Leave every image out, and print the remaining lines below exactly.

- MATERIAL PROVIDED -
•••
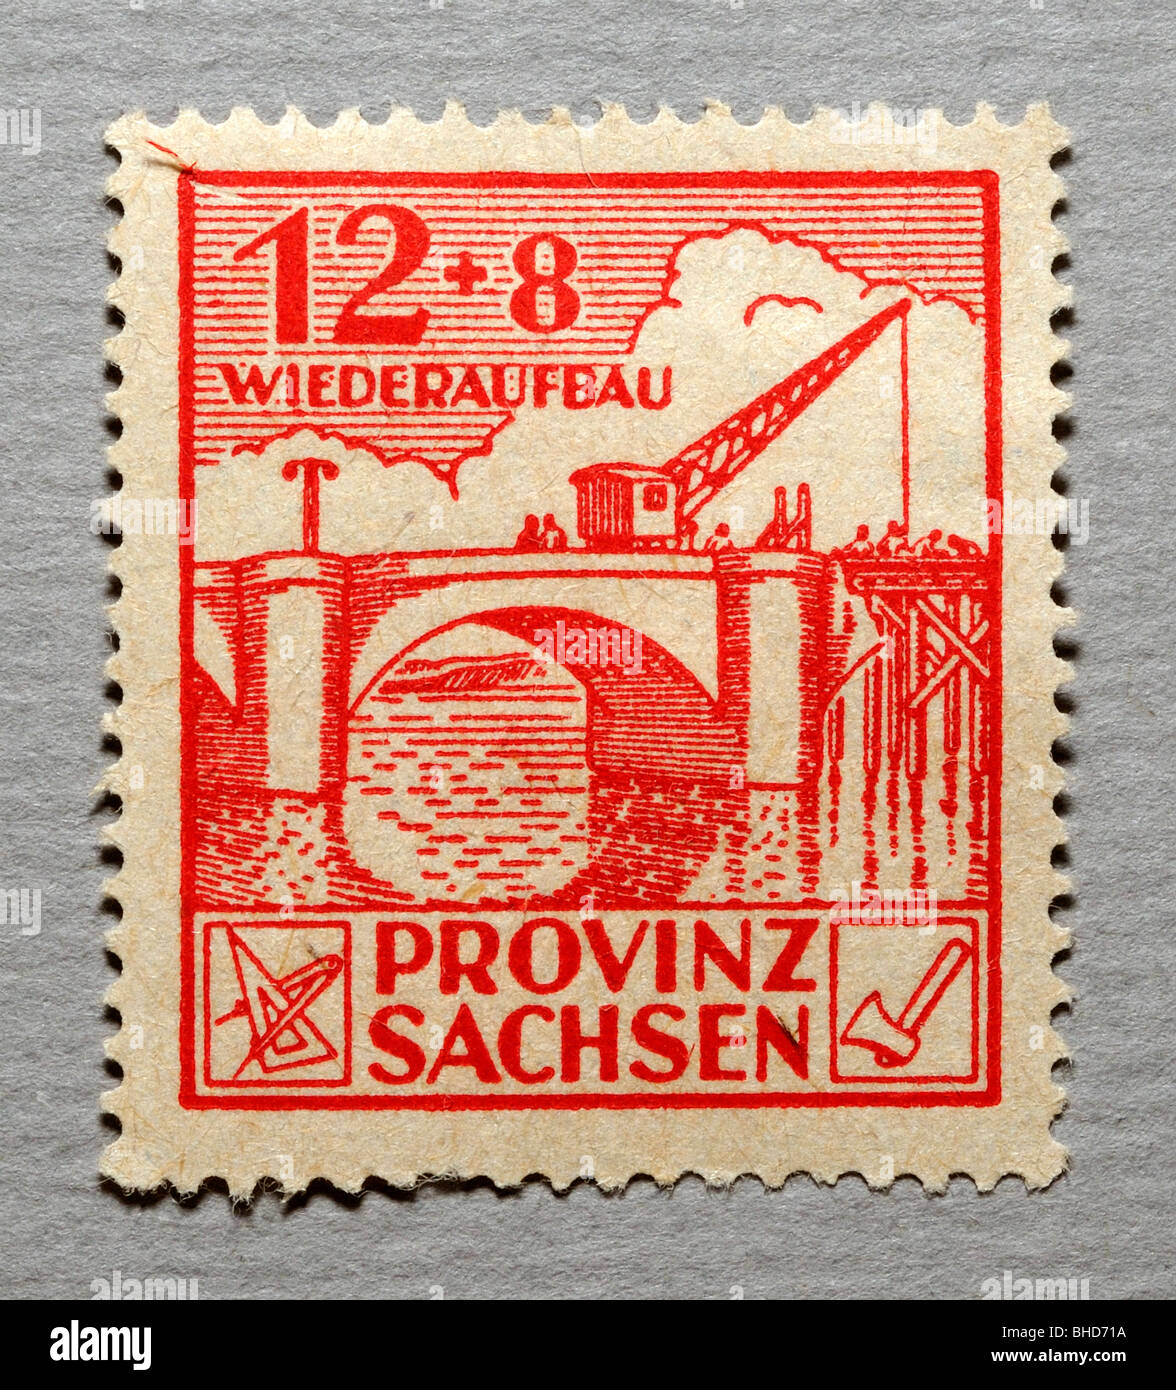 Sachsen Province, German Postage Stamp. Stock Photo
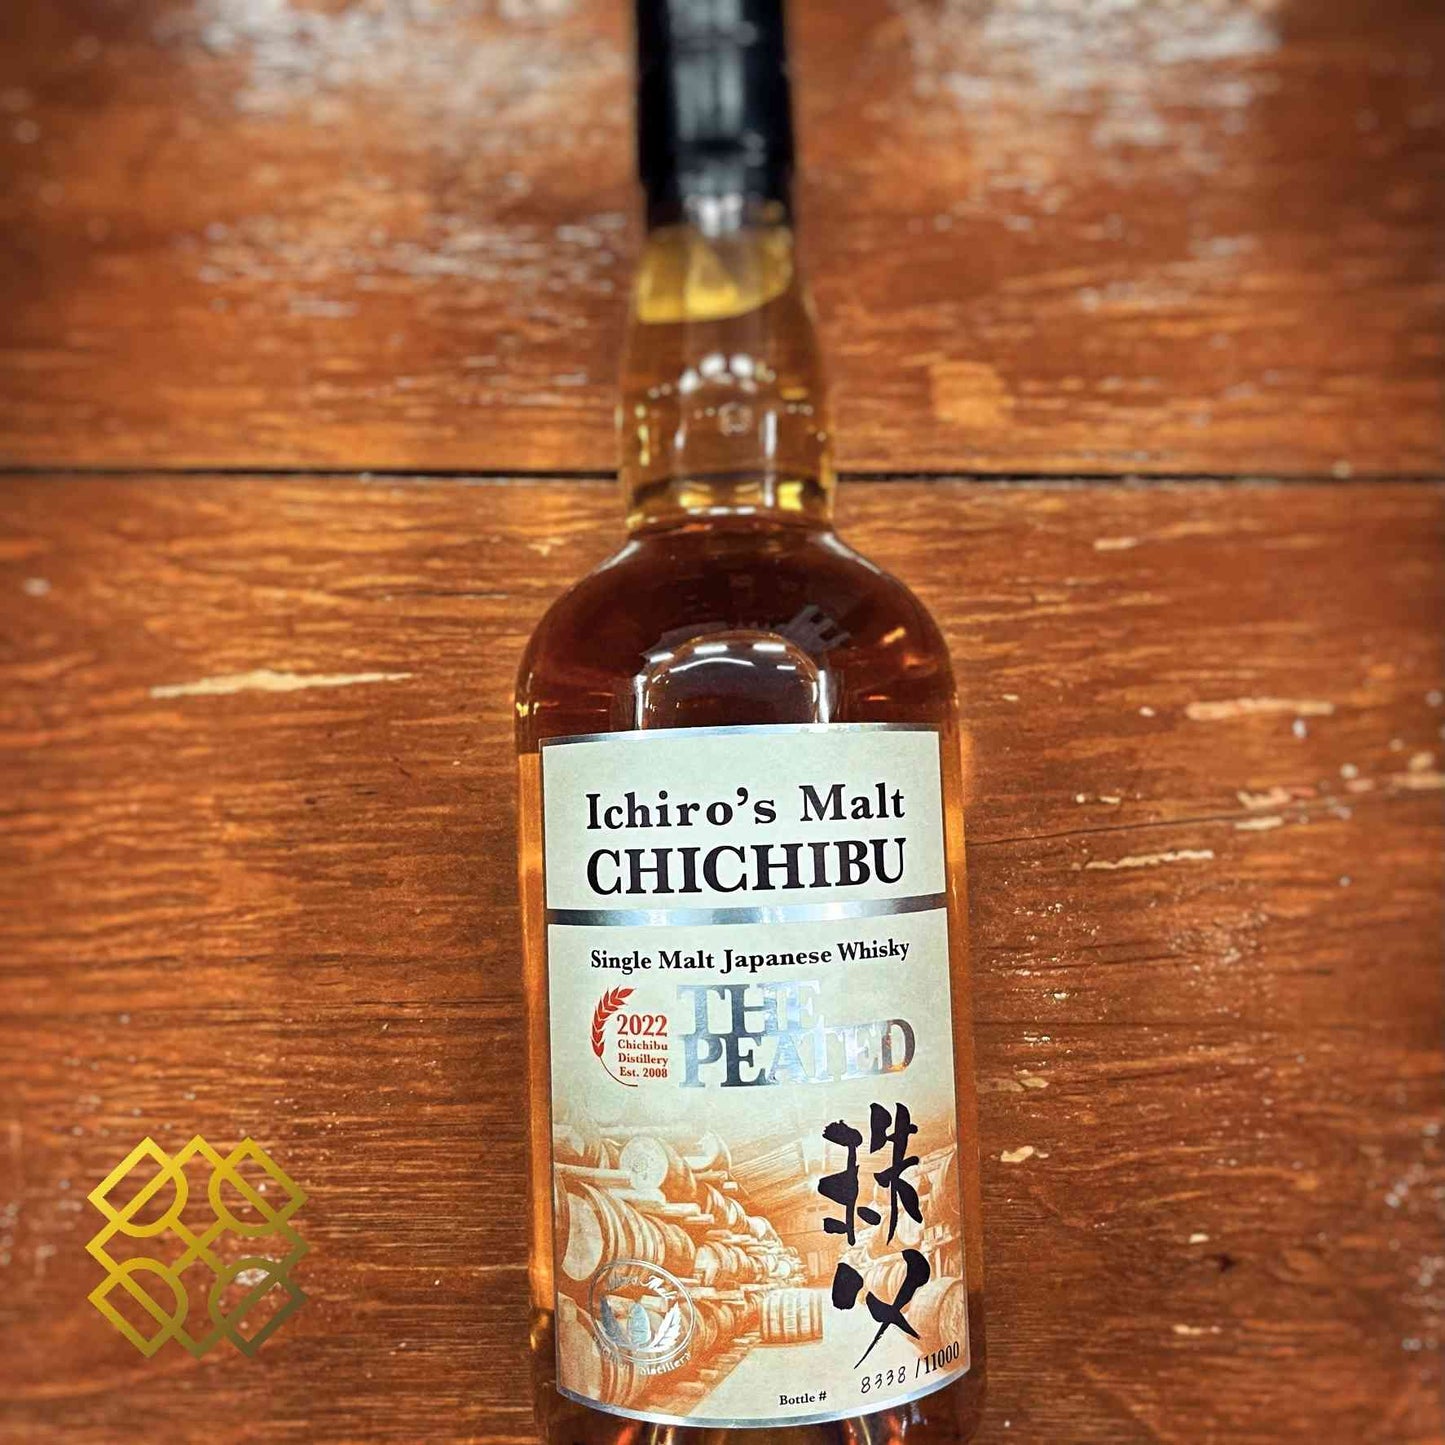 Chichibu - 2022, 53.5%  Type: Single Malt Whisky
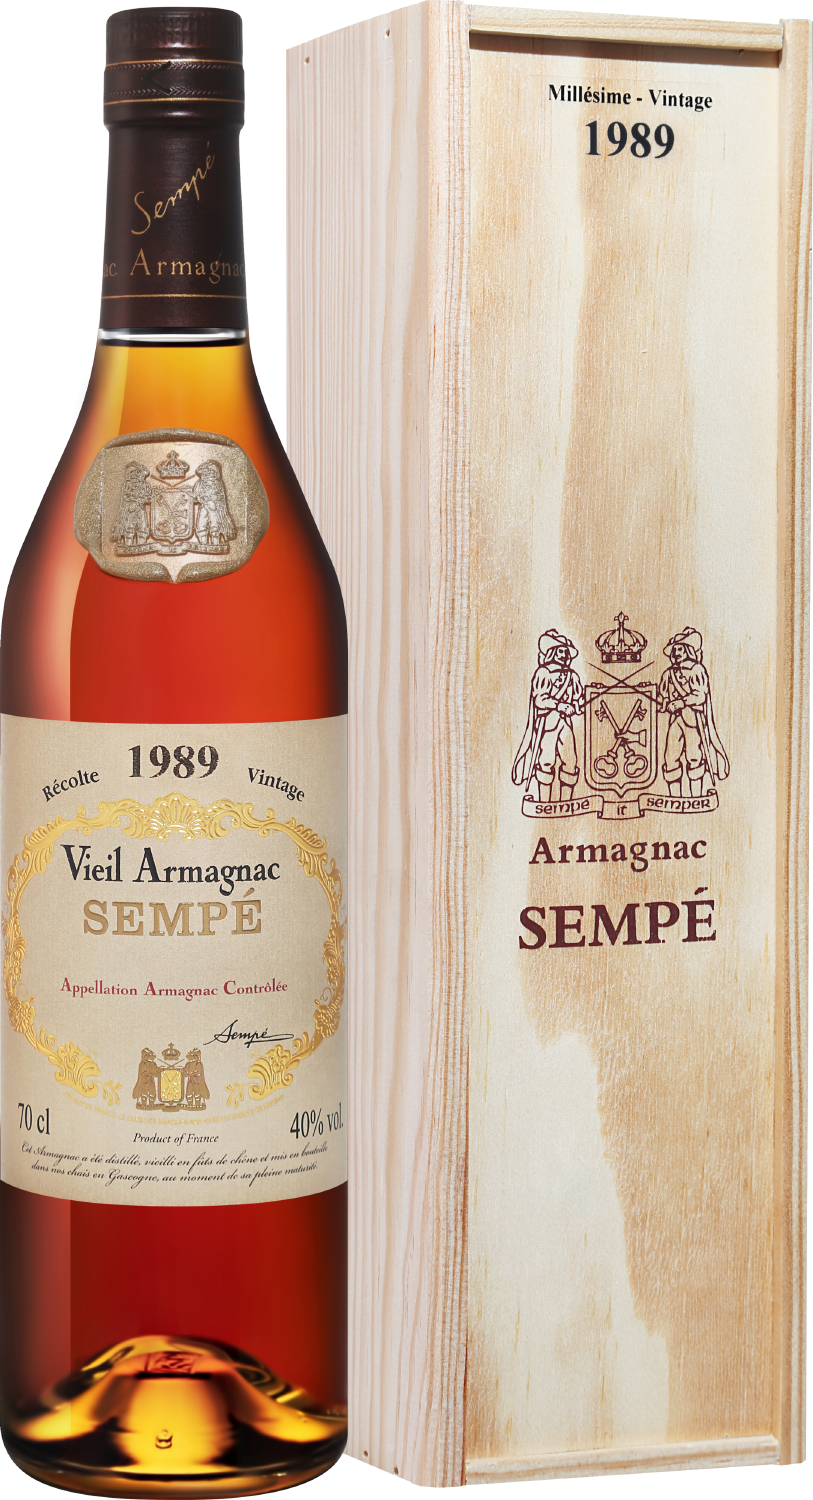 Sempe Vieil Vintage 1989 Armagnac AOC (gift box) sempe vieil armagnac 1989 gift box
•••
- TASK ANSWER -
 Sachsen Province, German Postage Stamp. Stock Photo
 Chichibu - 2022, 53.5%  Type: Single Malt Whisky
 Sempe Vieil Vintage 1989 Armagnac AOC (gift box) sempe vieil armagnac 1989 gift box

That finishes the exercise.